# 1. Introduction
# ICU survival modeling, Part 2: Cox and predictive models

**Approach**
- Teach and compare three models using the same preprocessing and the same train, validation, and test sets  
  - Cox proportional hazards for time-to-event  
  - Decision Tree classifier at fixed horizons  
  - Random Forest classifier at fixed horizons

**Learning goals**
- Build fair, fixed-horizon predictions at 7, 30, and 60 days from ICU admission  
- Understand discrimination vs calibration and why both matter clinically  
- See interpretability trade-offs across Cox, a single tree, and an ensemble forest  
- Practice leakage-free preprocessing with scikit-learn Pipelines

**Data**
- PhysioNet CinC Challenge 2012 ICU cohort, set A, 4000 stays, first 48 h features plus outcomes  
- Outcomes available  
  - Length of stay in days  
  - Survival in days up to 2 years  
  - In-hospital death indicator

**Fair comparison plan**
1) One reproducible split into train, validation, and test used by all models  
2) Identical preprocessing via a single scikit-learn ColumnTransformer  
3) Fixed-horizon evaluation at 7, 30, 60 days on the same evaluable patients per horizon  
4) Report AUROC, area under precision-recall, Brier score, and compact calibration by bins

**Clinical reading of metrics**
- Discrimination ranks who is higher risk  
- Calibration asks if predicted risk matches observed risk at a threshold relevant for action

References  
- Official challenge description and variable definitions, including Survival and In-hospital death  


# 2. Setup


In [13]:
## 2) Code cell — Setup and reproducibility

# 2. Setup and reproducibility

# Standard library
from pathlib import Path
import warnings
import math
import os
import sys
import random

# Third-party
import numpy as np
import pandas as pd
import matplotlib.pyplot as plt
from IPython.display import display

# Modeling
from sklearn.model_selection import StratifiedShuffleSplit
from sklearn.pipeline import Pipeline
from sklearn.compose import ColumnTransformer
from sklearn.impute import SimpleImputer
from sklearn.preprocessing import OneHotEncoder
from sklearn.metrics import roc_auc_score, average_precision_score, brier_score_loss
from sklearn.calibration import calibration_curve

# Lifelines
from lifelines import CoxPHFitter

# Our helpers
sys.path.append("/mnt/data")
import utils  # uses build_preprocessor, detect_feature_types, to_dataframe, labeling and calibration helpers

# Reproducibility
SEED = 42
np.random.seed(SEED)
random.seed(SEED)

# Pandas and plotting defaults
pd.set_option("display.max_columns", 120)
pd.set_option("display.width", 120)
warnings.filterwarnings("ignore")
plt.rcParams["figure.figsize"] = (7, 4)

# Paths
DATA_PATH = Path("/mnt/data/PhysionetChallenge2012-set-a.csv.gz")

print("Versions")
print("numpy", np.__version__)
print("pandas", pd.__version__)
import sklearn
print("scikit-learn", sklearn.__version__)
import lifelines
print("lifelines", lifelines.__version__)


Versions
numpy 2.3.3
pandas 2.3.3
scikit-learn 1.7.2
lifelines 0.30.0


# 3. Load data and define outcomes

In [5]:
# 3. Load data and define variables  [in-hospital death endpoint]

# --- 1. Load Data ---
PATH = "PhysionetChallenge2012-set-a.csv.gz"

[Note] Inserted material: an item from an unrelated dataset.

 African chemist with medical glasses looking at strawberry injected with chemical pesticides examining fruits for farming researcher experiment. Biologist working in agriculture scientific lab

# Simple check to ensure the data file exists before trying to load it
if not os.path.exists(PATH):
    raise FileNotFoundError(
        f"Error: The data file was not found at '{PATH}'. "
        "Please ensure the dataset is in the correct directory."
    )

raw = pd.read_csv(PATH, compression="gzip")
    
# Basic sanity checks
required_cols = {"Length_of_stay", "Survival", "In-hospital_death"}
missing = required_cols.difference(raw.columns)
if missing:
    raise ValueError(f"Missing required columns: {missing}")

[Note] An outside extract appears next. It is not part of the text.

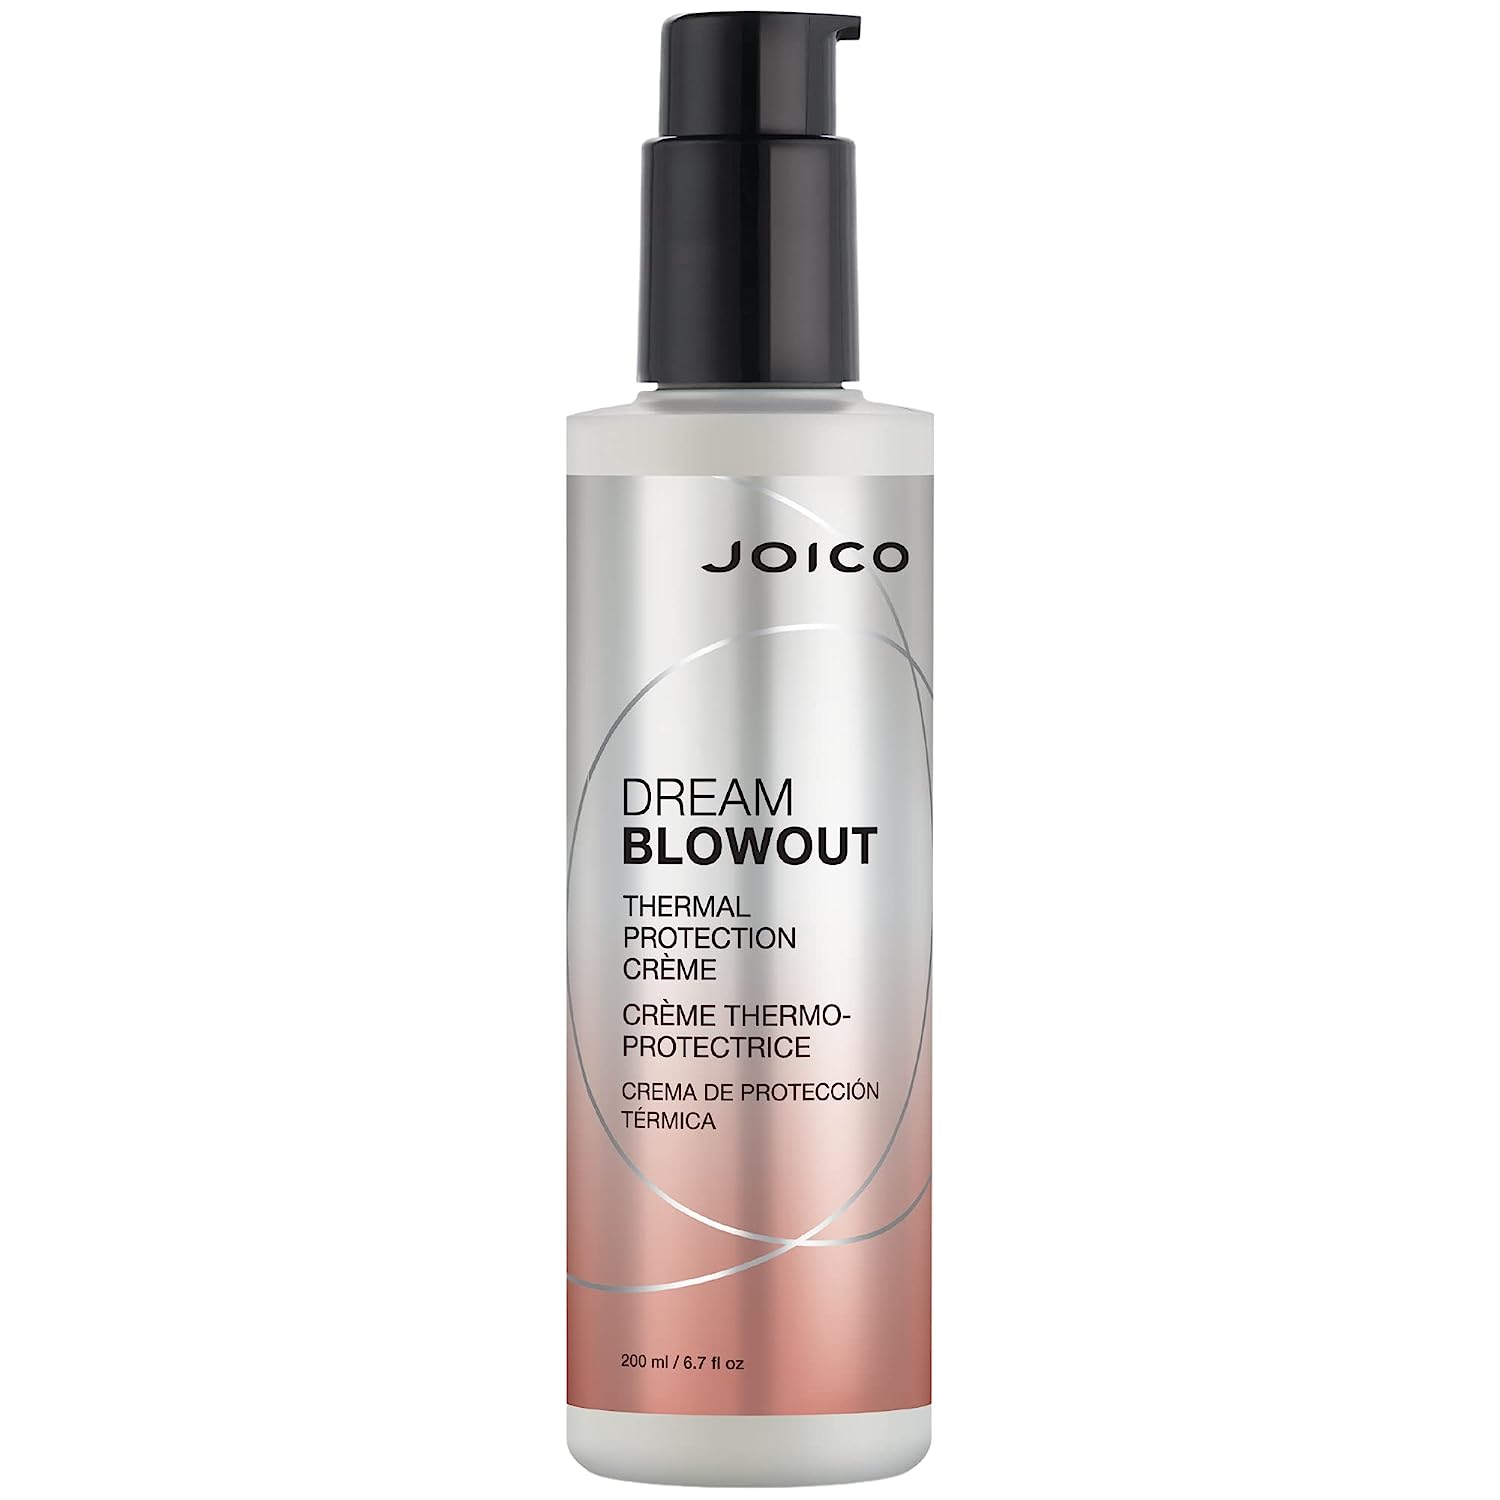 Joico Dream Blowout Thermal Protection Crème | For [...]

# Endpoint locked to in-hospital death
# Duration is time from ICU admission to discharge or in-hospital death
# Event is 1 if died in hospital, 0 if discharged alive
def make_outcomes_in_hospital(df: pd.DataFrame) -> pd.DataFrame:
    y = pd.DataFrame(index=df.index)
    los = pd.to_numeric(df["Length_of_stay"], errors="coerce").astype(float)
    los = np.clip(los, 0.0, None)  # clip negatives to 0 days
    event = pd.to_numeric(df["In-hospital_death"], errors="coerce").fillna(0).astype(int)
    y["duration_days"] = los
    y["event_death"] = event
    return y

y = make_outcomes_in_hospital(raw)

# Feature frame: drop outcome columns and obvious identifiers to avoid leakage
drop_cols = ["In-hospital_death", "Survival", "Length_of_stay", "recordid"]
X = raw.drop(columns=[c for c in drop_cols if c in raw.columns], errors="ignore").copy()

print("Outcome head")
display(y.head(3).style)
print("Features shape", X.shape)

# Quick outcome summary
event_rate = float(y["event_death"].mean())
duration = y["duration_days"].to_numpy()
iqr = float(np.percentile(duration, 75) - np.percentile(duration, 25))
print(f"Event rate: {event_rate:.3f}")
print(f"Follow-up days: median {float(np.median(duration)):.1f}  IQR {iqr:.1f}")


Outcome head


Unnamed: 0,duration_days,event_death
0,5.0,0
1,8.0,0
2,19.0,0


Features shape (4000, 116)
Event rate: 0.139
Follow-up days: median 10.0  IQR 11.0


## 3.1 Preprocessing and leakage control
- Detect numeric vs categorical features programmatically  
- Numeric pipeline  
  - SimpleImputer with median  
- Categorical pipeline  
  - SimpleImputer with most frequent  
  - OneHotEncoder with ignore for unseen categories  
- Build one ColumnTransformer used by all models inside scikit-learn Pipelines  
- We exclude outcome variables and identifiers from the feature matrix to prevent target leakage


In [None]:
# 3.1 Build shared preprocessor

num_cols, cat_cols = utils.detect_feature_types(X)
print("Numeric", len(num_cols), "Categorical", len(cat_cols))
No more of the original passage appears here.